=== DATA BELOW ===
______________________________

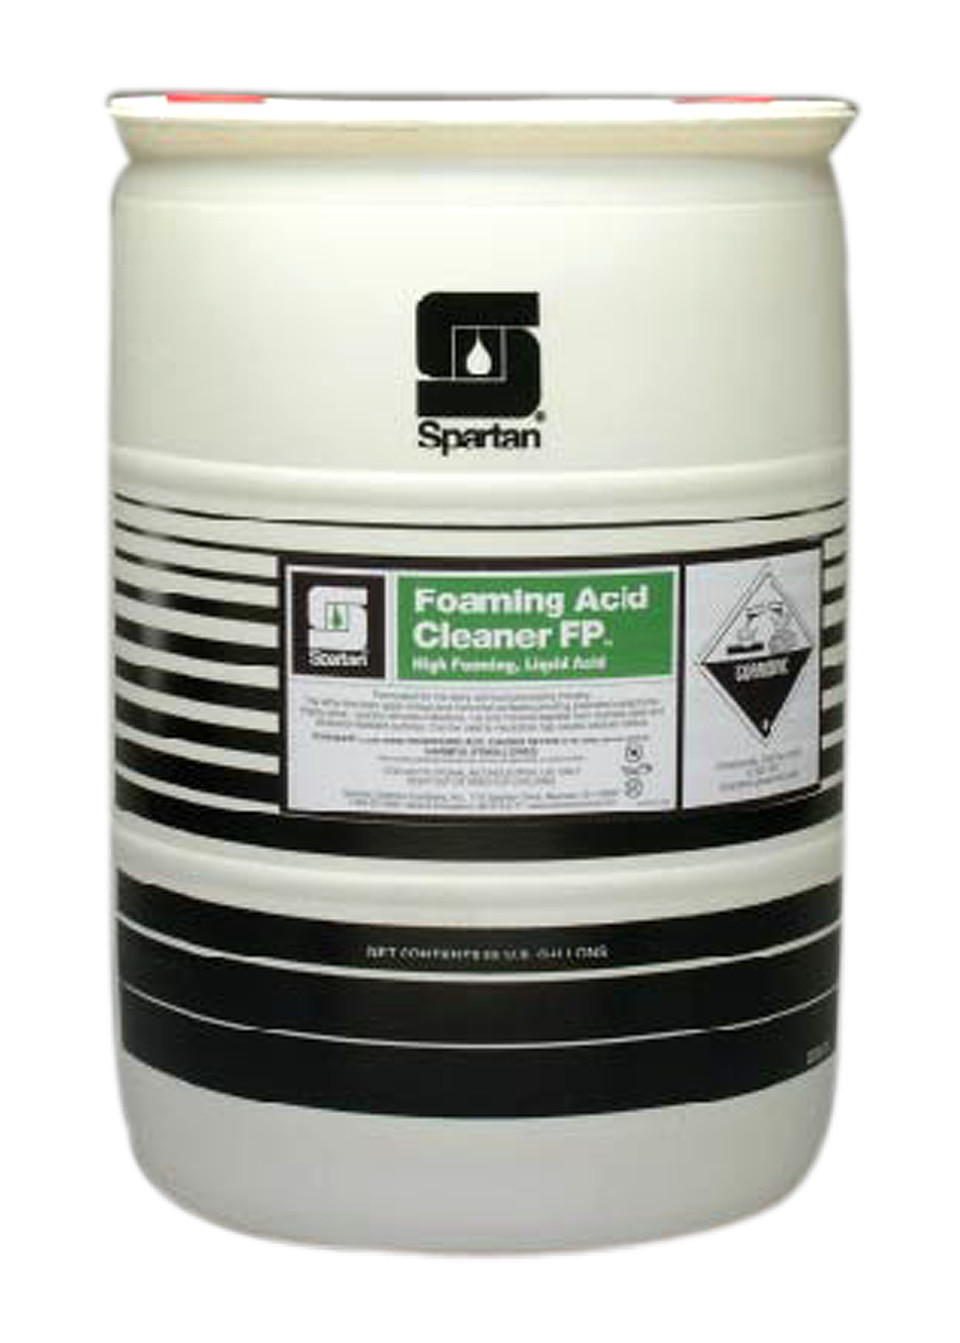 Spartan Chemical Company Foaming Acid Cleaner FP, 55 GAL DRUM
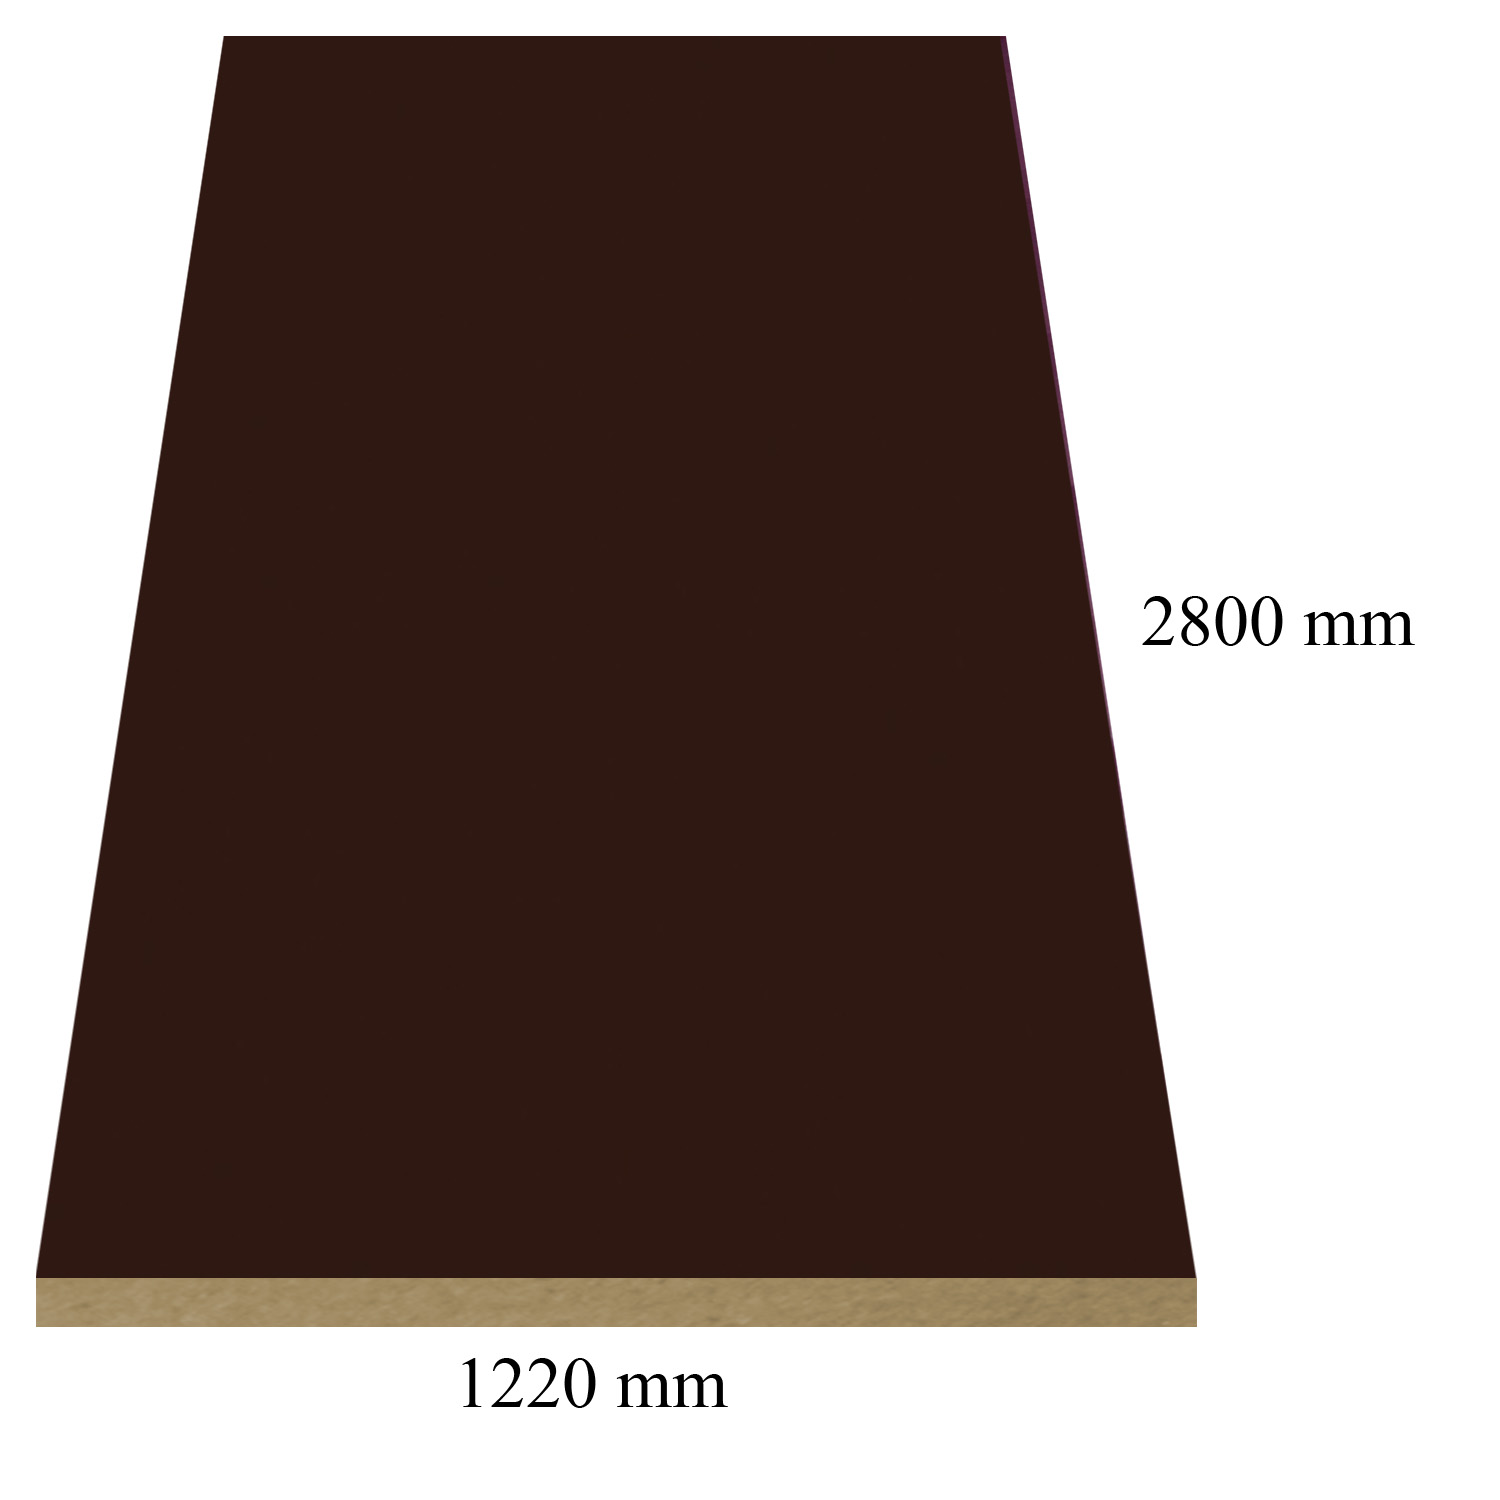 149 Brown high gloss - PVC coated 18 mm MDF
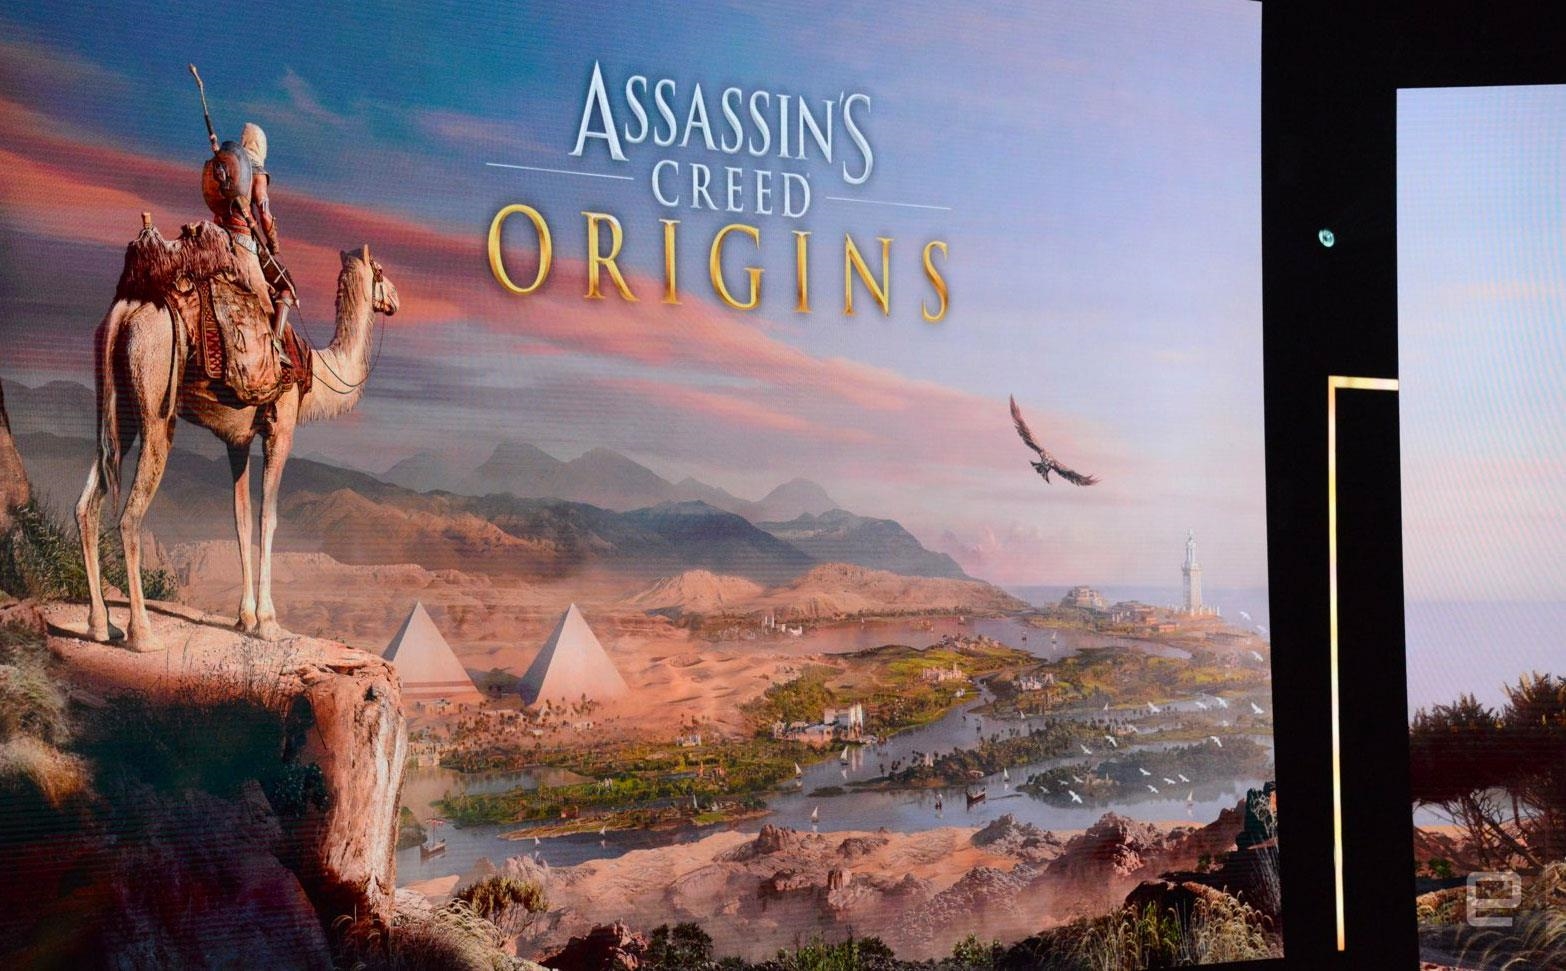 'Assassin's Creed Origins' arrives October 27th | DeviceDaily.com

______________________________

=== WORK TO BE COMPLETED ===
When you reach an image, pass over it, and retype all other material exactly.

=== RESPONSE TO THE EXERCISE ===
 Spartan Chemical Company Foaming Acid Cleaner FP, 55 GAL DRUM
 149 Brown high gloss - PVC coated 18 mm MDF
 'Assassin's Creed Origins' arrives October 27th | DeviceDaily.com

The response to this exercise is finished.